**The problem:**
Write out exactly the lines from the one that contains "California-Through-My-Lens-Advertising-Reviews-Pricing" down to the last line of the material below, keeping both ends and omitting pictures.
[[ Dataset section open ]]
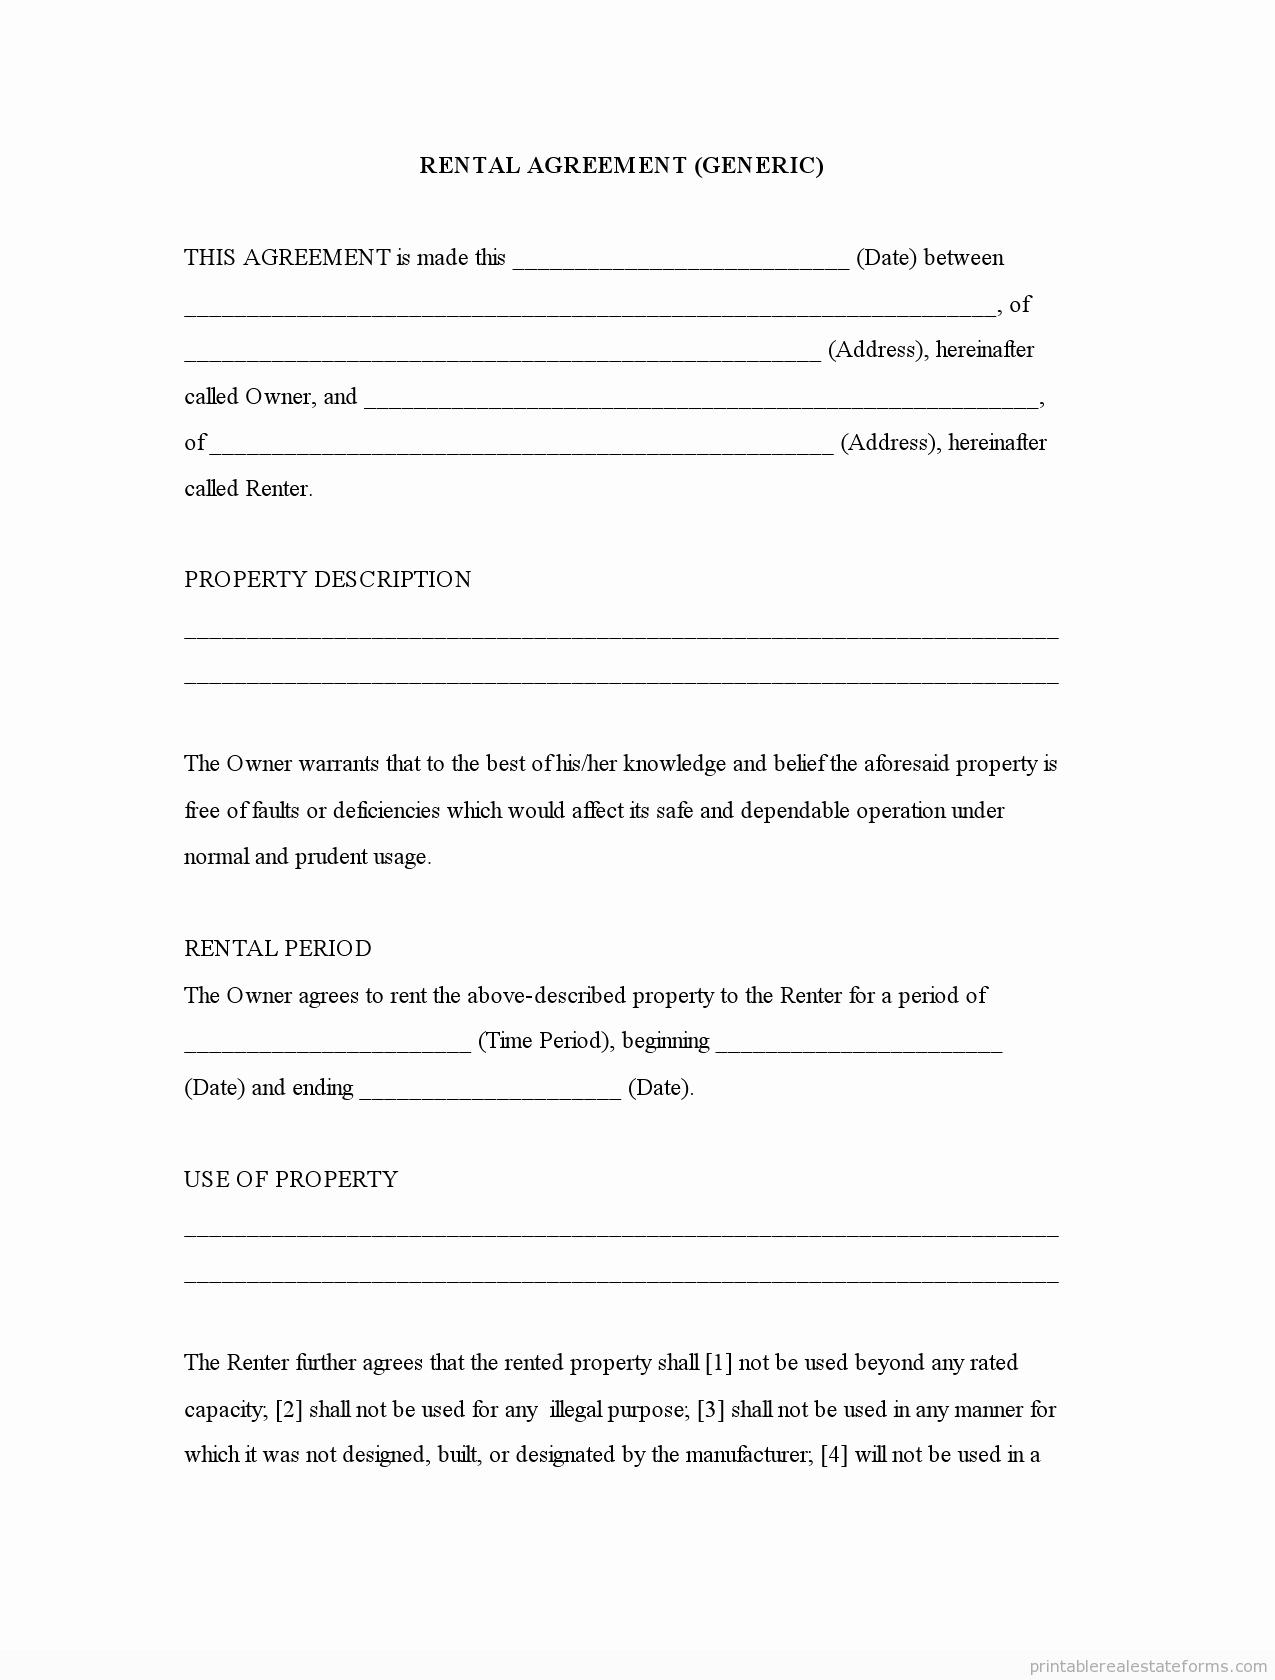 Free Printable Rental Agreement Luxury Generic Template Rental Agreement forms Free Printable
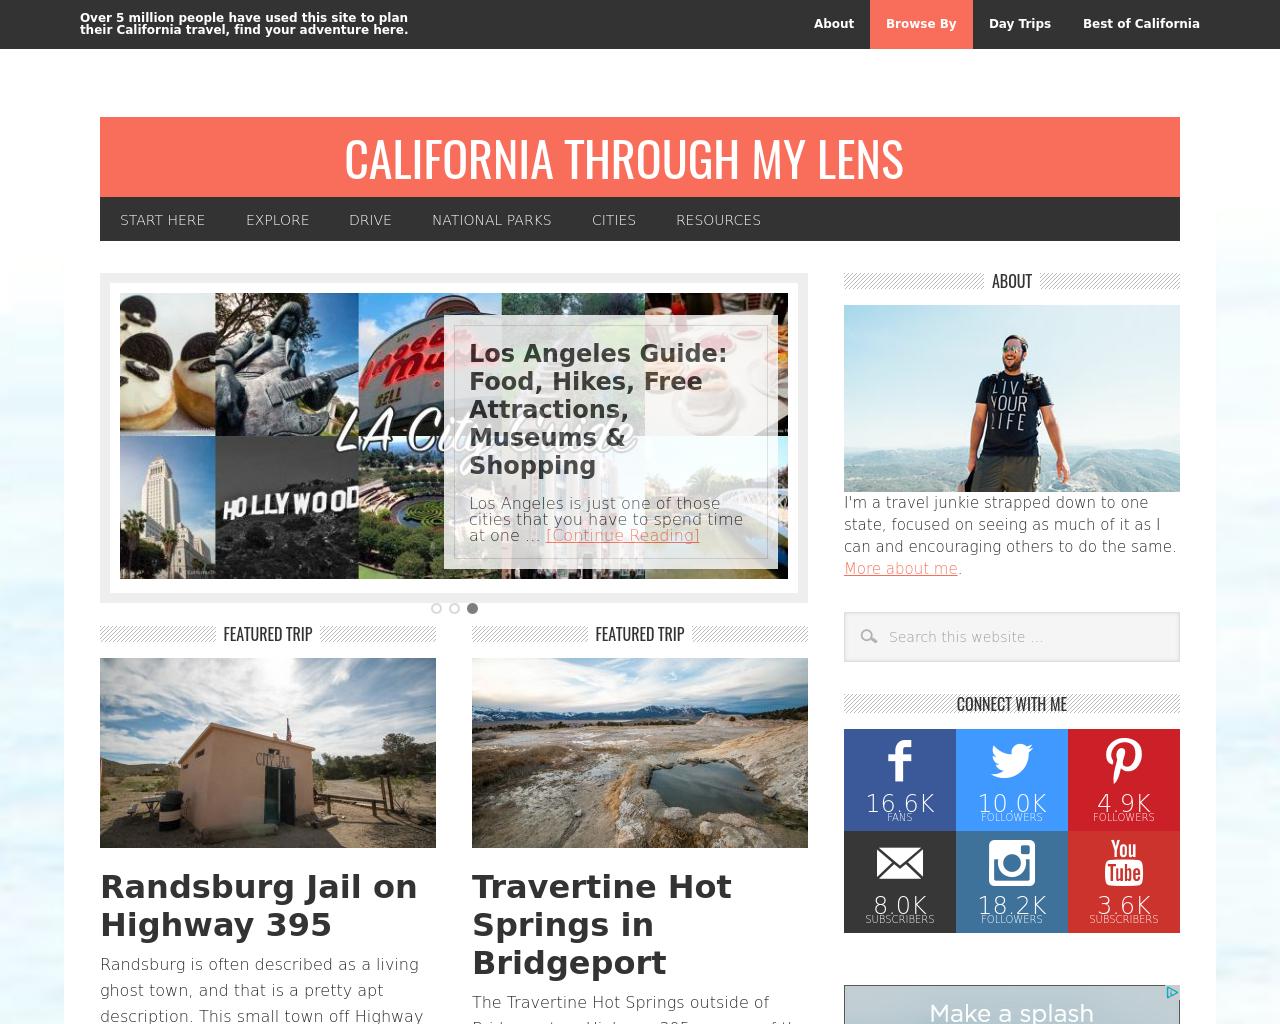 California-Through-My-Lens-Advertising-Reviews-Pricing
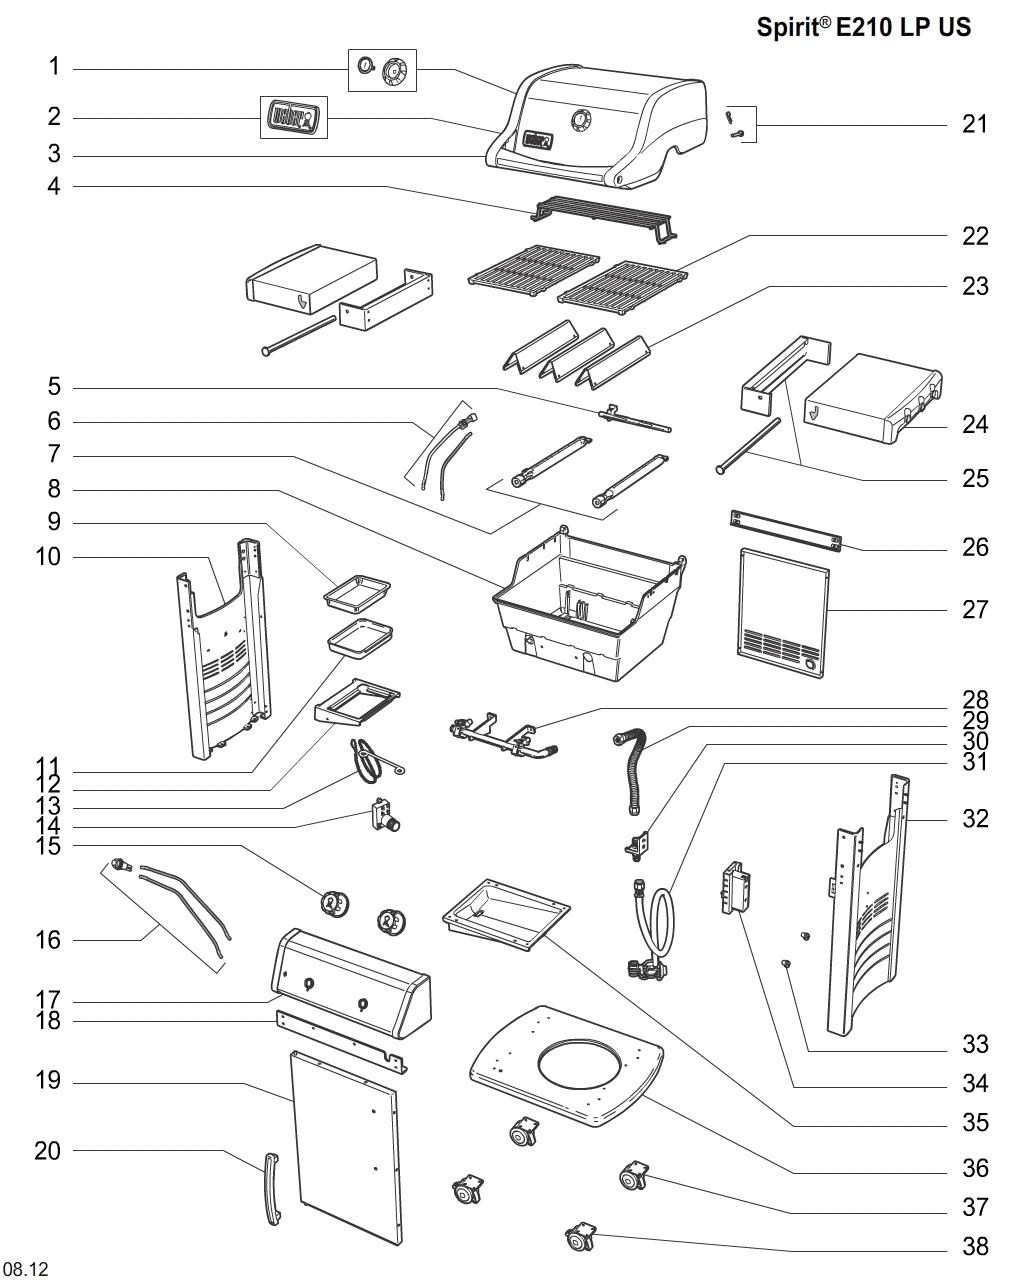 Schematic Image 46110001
[[ Dataset section closed ]]
**Task response:**
 California-Through-My-Lens-Advertising-Reviews-Pricing
 Schematic Image 46110001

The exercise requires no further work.